CNV Call output empty, lack of RD histogram

shesanIsland commented 1 year ago

CNVpytor

attempt to calculate cnv in bam files

Done:

Created .pytor file with gc_file, mask_file, specified chromosomes and imported read depth signals using:

cnvpytor -root /filepath/filename.pytor \
-rd /filepath/filename.bam \
-partition 100 \
-call 100 \
-chrom backbone, transgene, AgamP4_2L, AgamP4_2R, AgamP4_3L, AgamP4_3R, AgamP4_X \
-T /path_Reference/genome_edit.fa

-ls provides the following:

`Filename '/filepath/filename.pytor'
---------------------------------------------------------------------------------------
File created: 2023-02-28 20:03 using CNVpytor ver 1.2.1

Chromosomes with RD signal: backbone, transgene, AgamP4_2L, AgamP4_2R, AgamP4_3L, AgamP4_3R, AgamP4_X

Chromosomes with SNP signal: 

Using reference genome: agamp4 [ GC: yes, mask: yes ]

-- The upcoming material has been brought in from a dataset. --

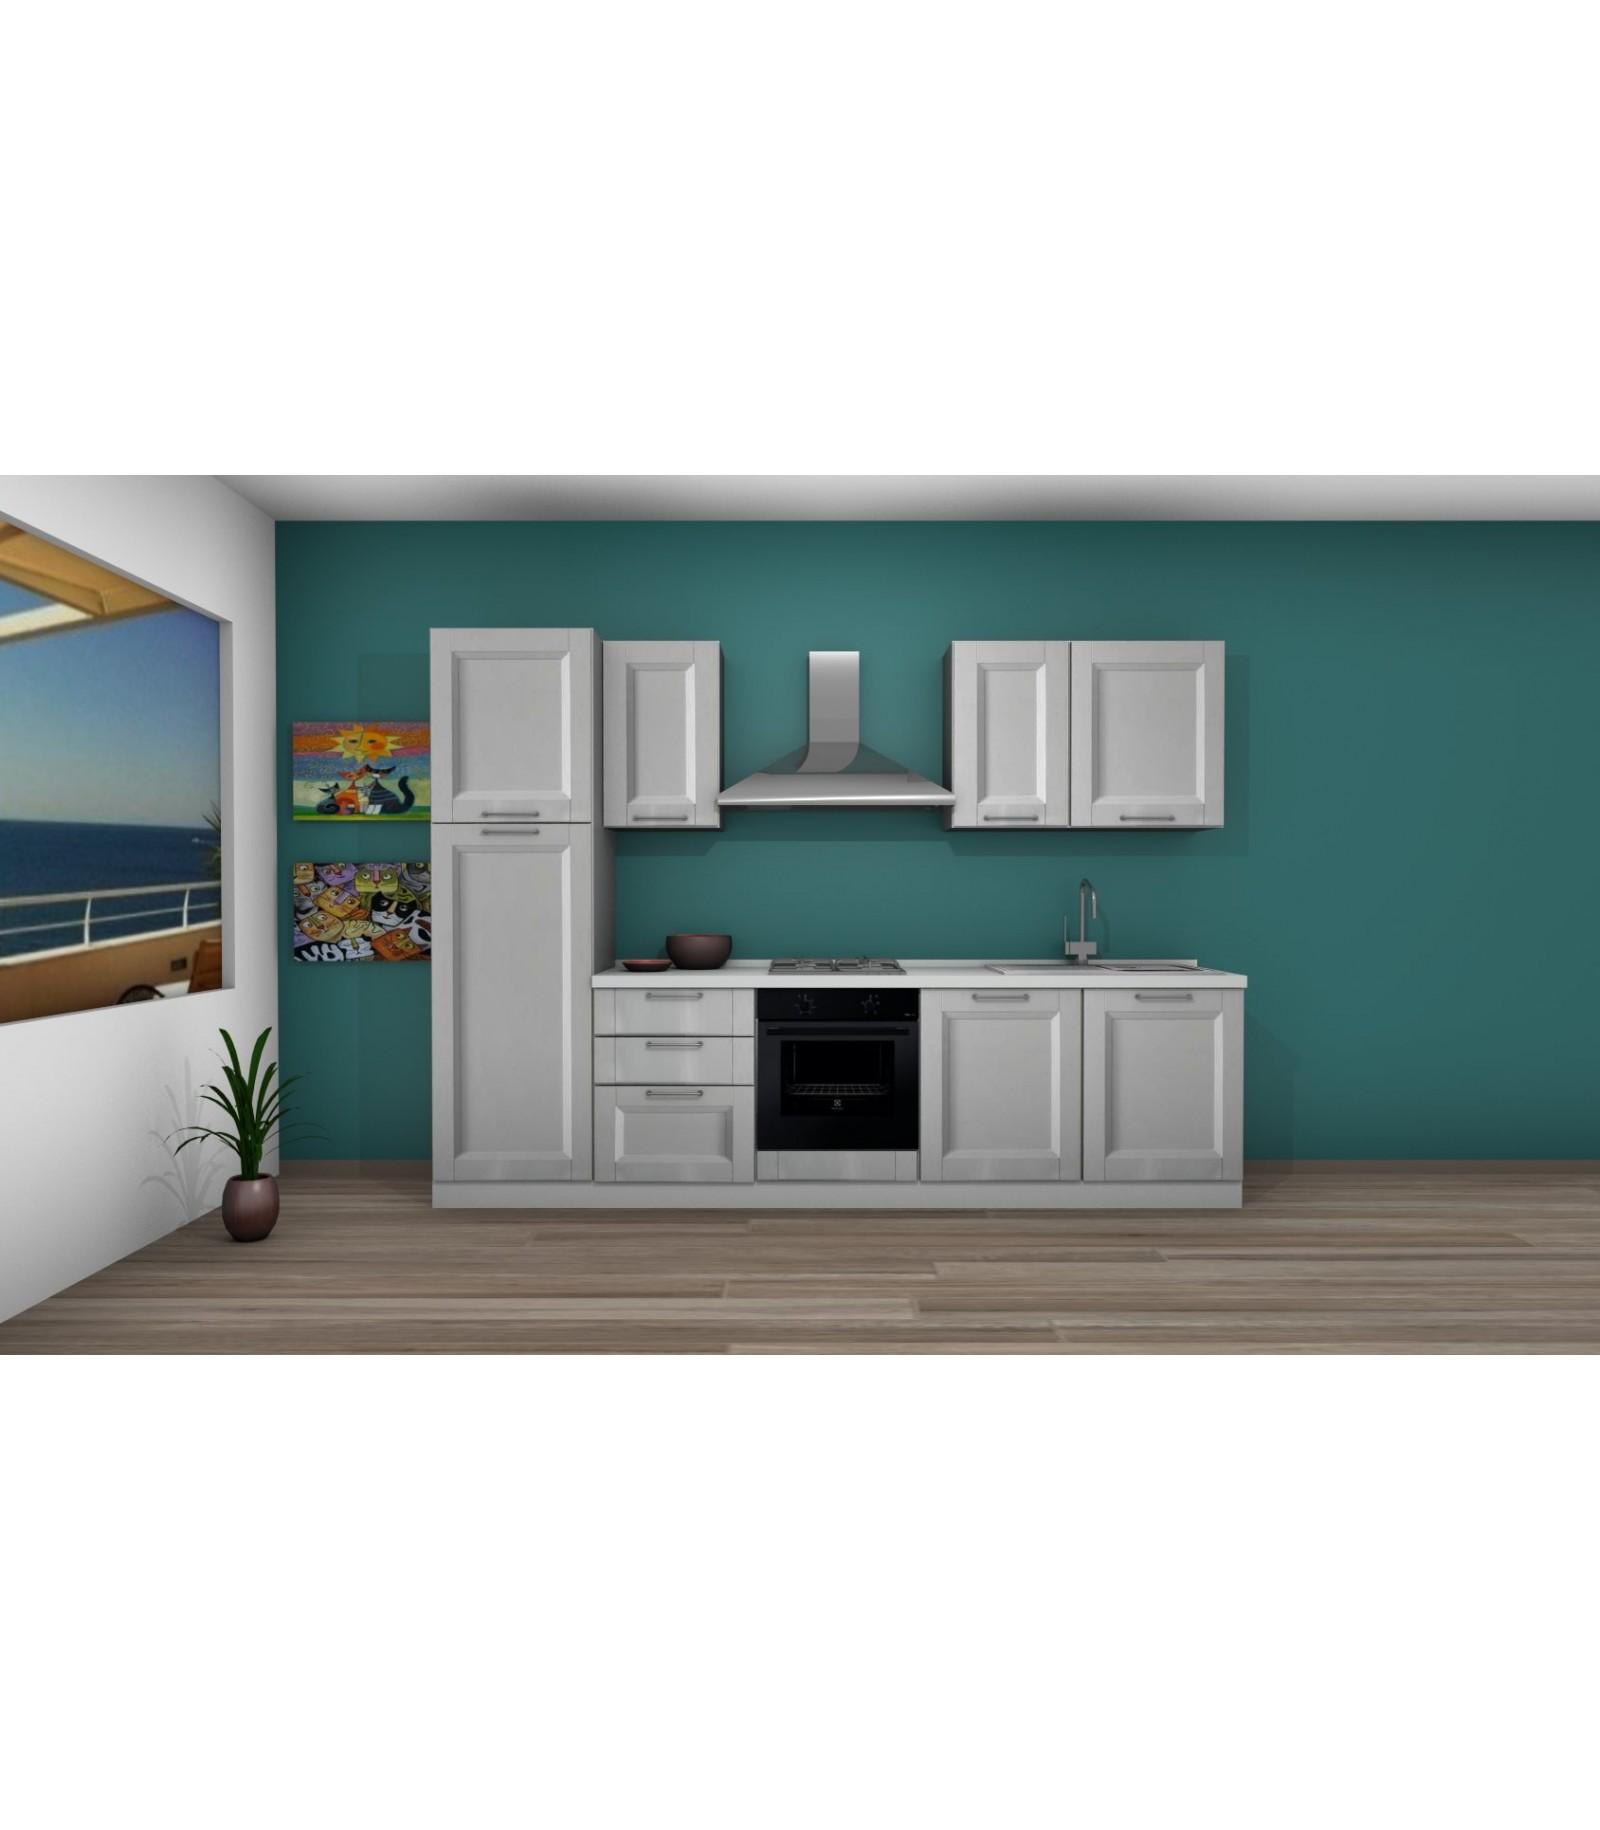 Cucina 02 lunghezza 300 cm ada telaio mariotti casa - Lunghezza cucina ...

Chromosomes with RD histograms [bin sizes]:  []

Chromosomes with SNP histograms [bin sizes]:  []

Chromosome lengths: {'backbone': '12339', 'transgene': '8299', 'AgamP4_2L': '49364325', 'AgamP4_2R': '61545105', 'AgamP4_3L': '41963435', 'AgamP4_3R': '53200684', 'AgamP4_X': '24393108'}`

Issues:

calculating histogram read depth in order to create manhattan and genomic/chromosome plots.

Have tried: cnvpytor -root /filepath/filename.pytor -stat 100 cnvpytor -root /filepath/filename.pytor -his 100 cnvpytor -root /filepath/filename.pytor -partition 100 cnvpytor -root /filepath/filename.pytor -call 100 cnvpytor -root /filepath/filename.pytor -view 100

-v debug doesn't show or highlight any errors...
print calls in view doesn't show any calls..
manhattan plot only shows a plot with missing data and y-axis with the same range limits
also tried in python3, still empty... is there something wrong with my bam file or the chromsome names (despite being specified and extracted).

Many thanks,

arpanda commented 1 year ago

I assume you configured your genome properly and reference genome name can be seen by your ls command.

Using reference genome: agamp4 [ GC: yes, mask: yes ]

But your rd histogram is empty

Chromosomes with RD histograms [bin sizes]:  []

Could you please try a different bin size like 1000 instead of 100 and then using ls command check this Chromosomes with RD histograms [bin sizes]: field. You will see something like this if you processed it using 1000 bin size

Chromosomes with RD histograms [bin sizes]:  [1000]

Thank You Arijit

shesanIsland commented 1 year ago

Thanks for the reply. I receive the same output as my initial issue even after changing bin size to 1000.

arpanda commented 1 year ago

Could you please check if your reference genome configuration is correct or not. There are two ways to add a new reference genome.

Using -conf parameter
Copying your reference configuration file to ~/.cnvpytor/reference_genomes_conf.py. Ref Link.

I assume you followed the second way, as there is no -conf parameter in the shared commands. Could you please confirm it.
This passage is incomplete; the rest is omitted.